If you feel insecure working without visual feedback, please consider using a realtime EBU mode loudness meter like Grimm Audio’s LevelView. Alternatively use your VU’s or PPM’s but align them correctly. A proper alignment for your VU meter would be 0 VU to equal -18 dBFS. For analog PPM’s, keep the 0 PPM = -9 dBFS level. During production, avoid modulating hot all the time. But at the same time do not hesitate to use all that headroom. If you are using a digital peak meter next to the other ones, ATSC and EBU allow peaks to reach almost 0 dBFS, so don’t worry about short peaks above -9 dBFS.

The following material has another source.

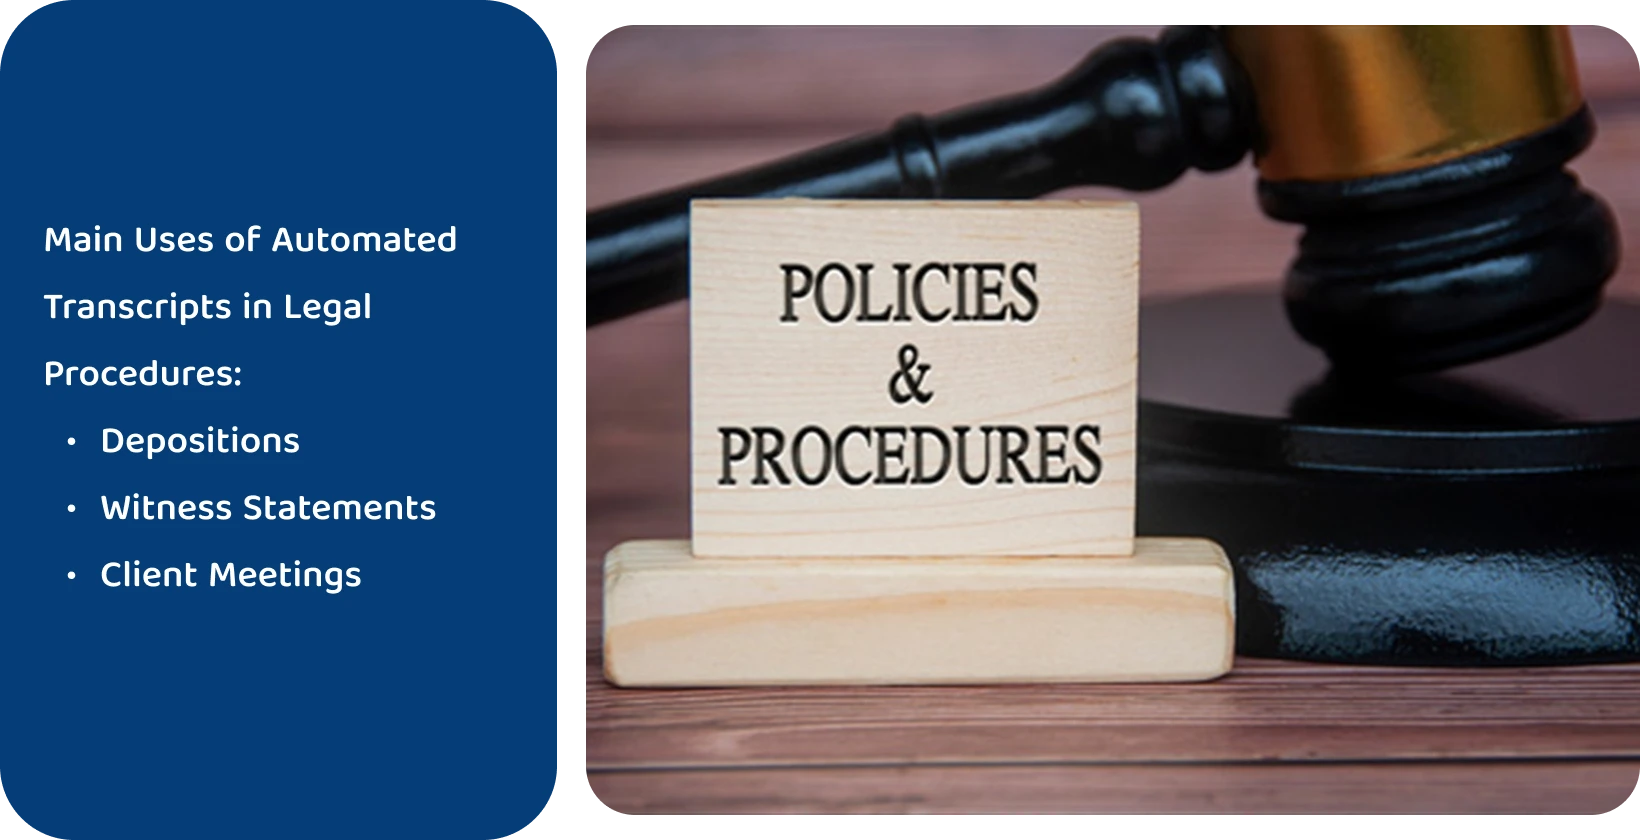 Kladívko vedle cedule "Policies & Procedures" (Zásady a postupy), která představuje právní normy, které splňují nástroje pro automatizovaný přepis.
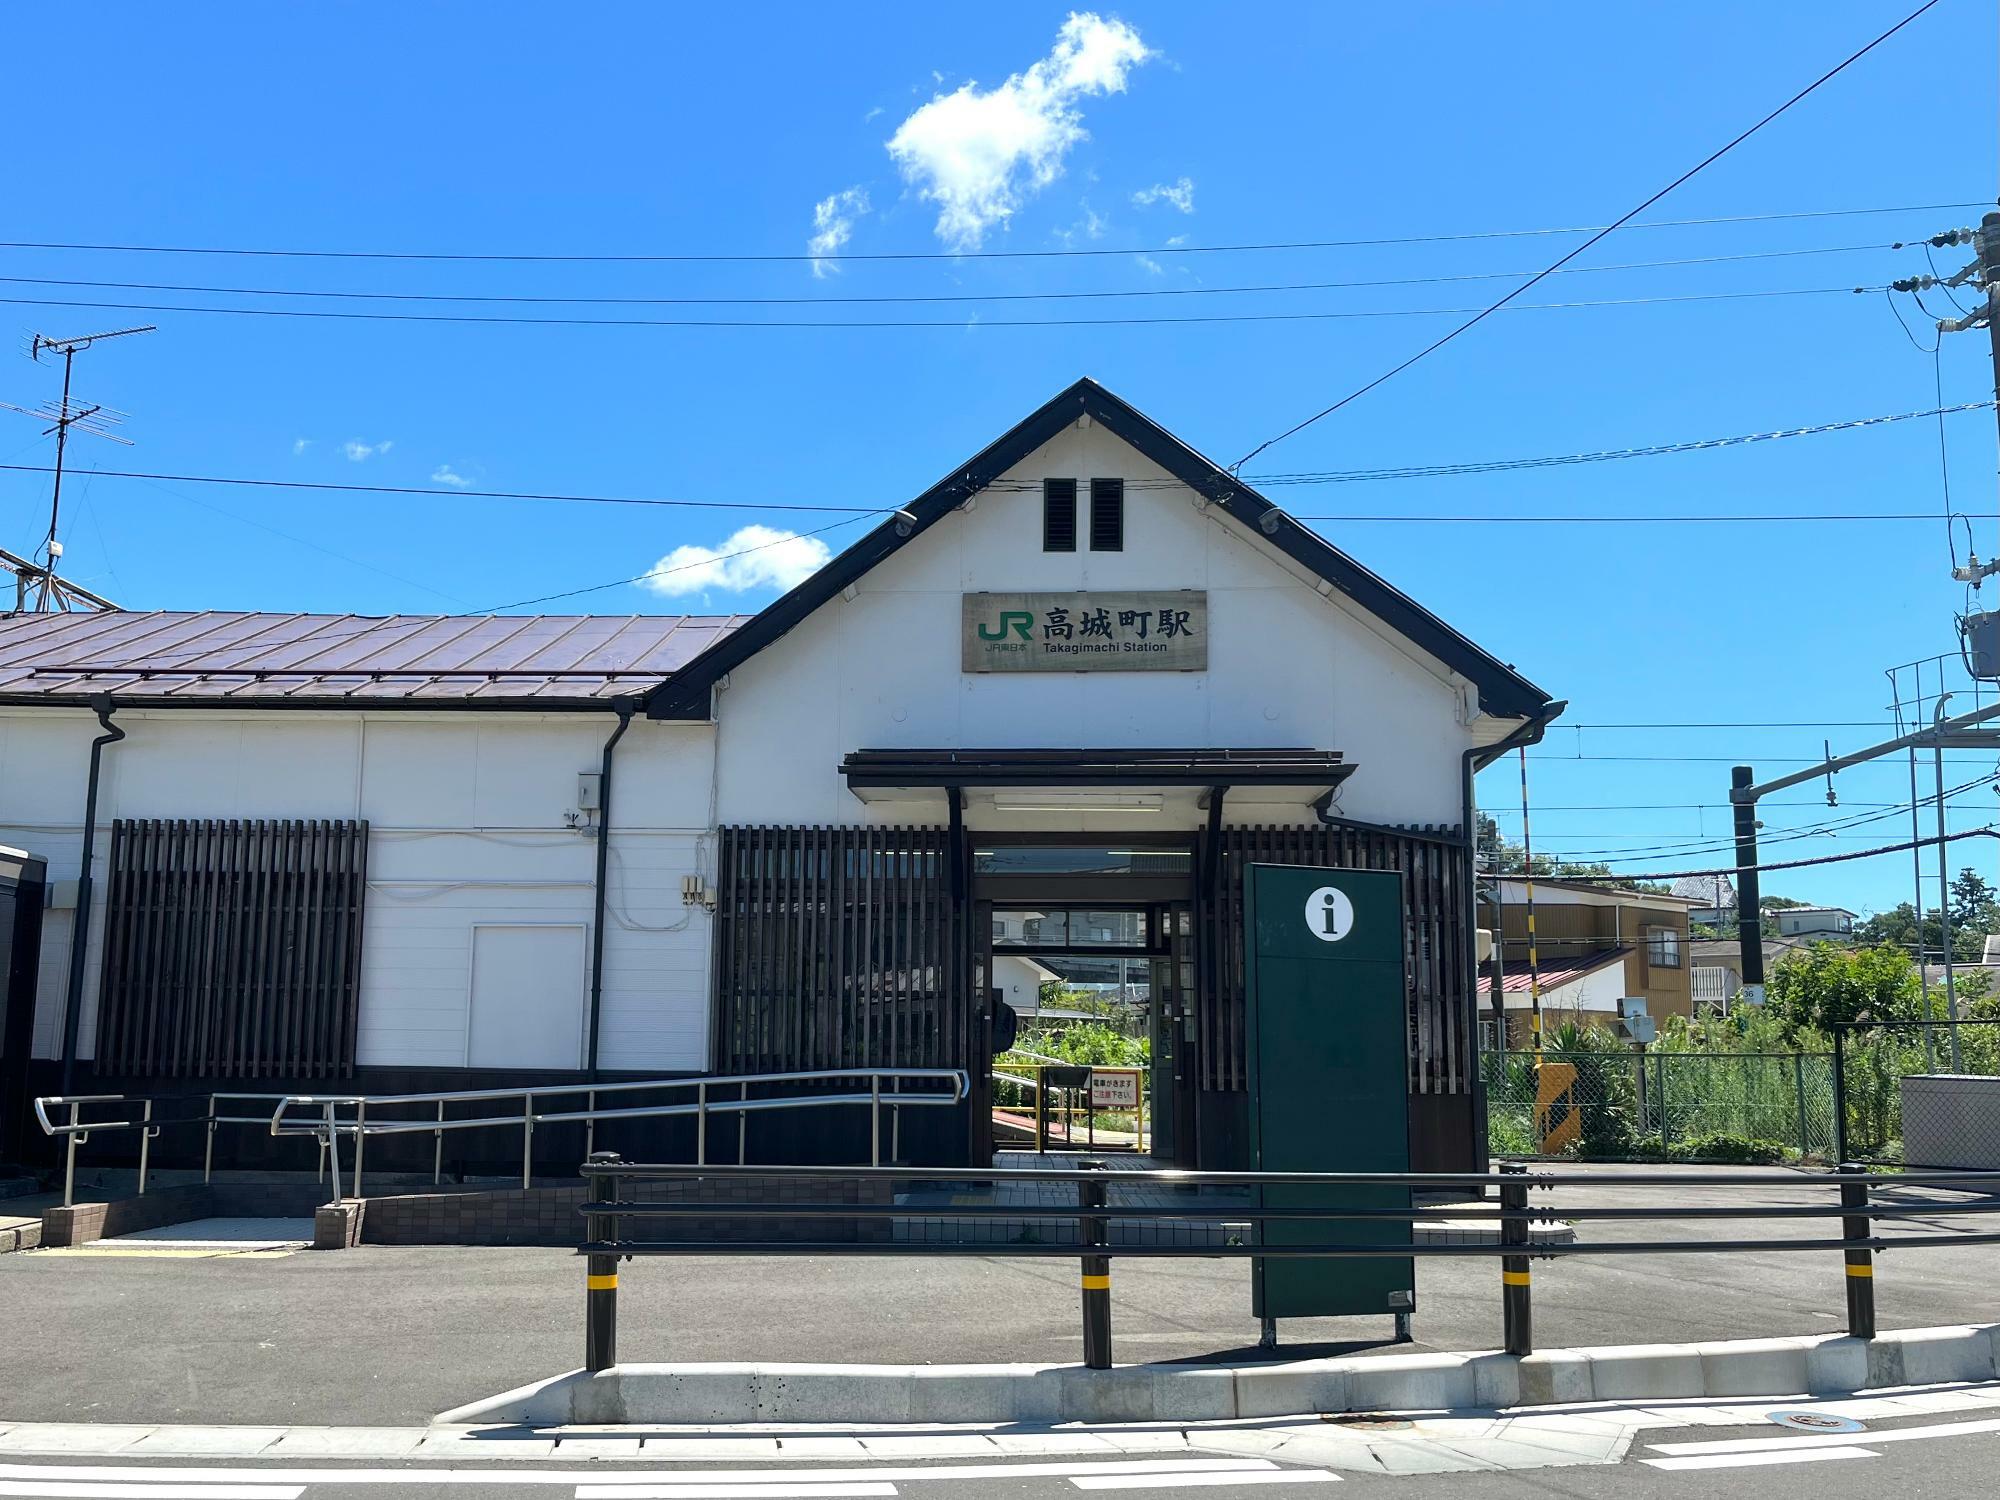 ▲ 「JR高城町駅」の駅舎は小さな外観だけれども、正面は白塗りで渋さのある大人の表情をしている

The key to almost automatically achieve consistent results without using meters, is to adopt the film postproduction practice of aligning the monitor gain to a fixed acoustic level. In the broadcast case, the EBU tech 3276 document prescribes to align a -18 dBFS (rms measured) pink noise track to a sound pressure level of 82 dBA per speaker for stereo or 78 dBA per speaker for 5 channel surround. If you prefer to have your monitor SPL a little lower, just note the deviation from the calibrated level for later reference. The alternative is to simply normalize a well known file to -23 LUFS, play it back and set the volume control to your preferred listening level. The main concept is to now mark the monitor control position and work at this reference level position 90% of the time or more. Your ears will tell you how loud you should mix, you don’t need a meter for that anymore. When you are satisfied with your mix, edits, dynamics and overall sound, just bounce the result to a temporary file, let LevelOne analyze and process the file according to your preset target level and your file is finished for release. After some practice you will note the necessary adjustment by LevelOne will be minimal.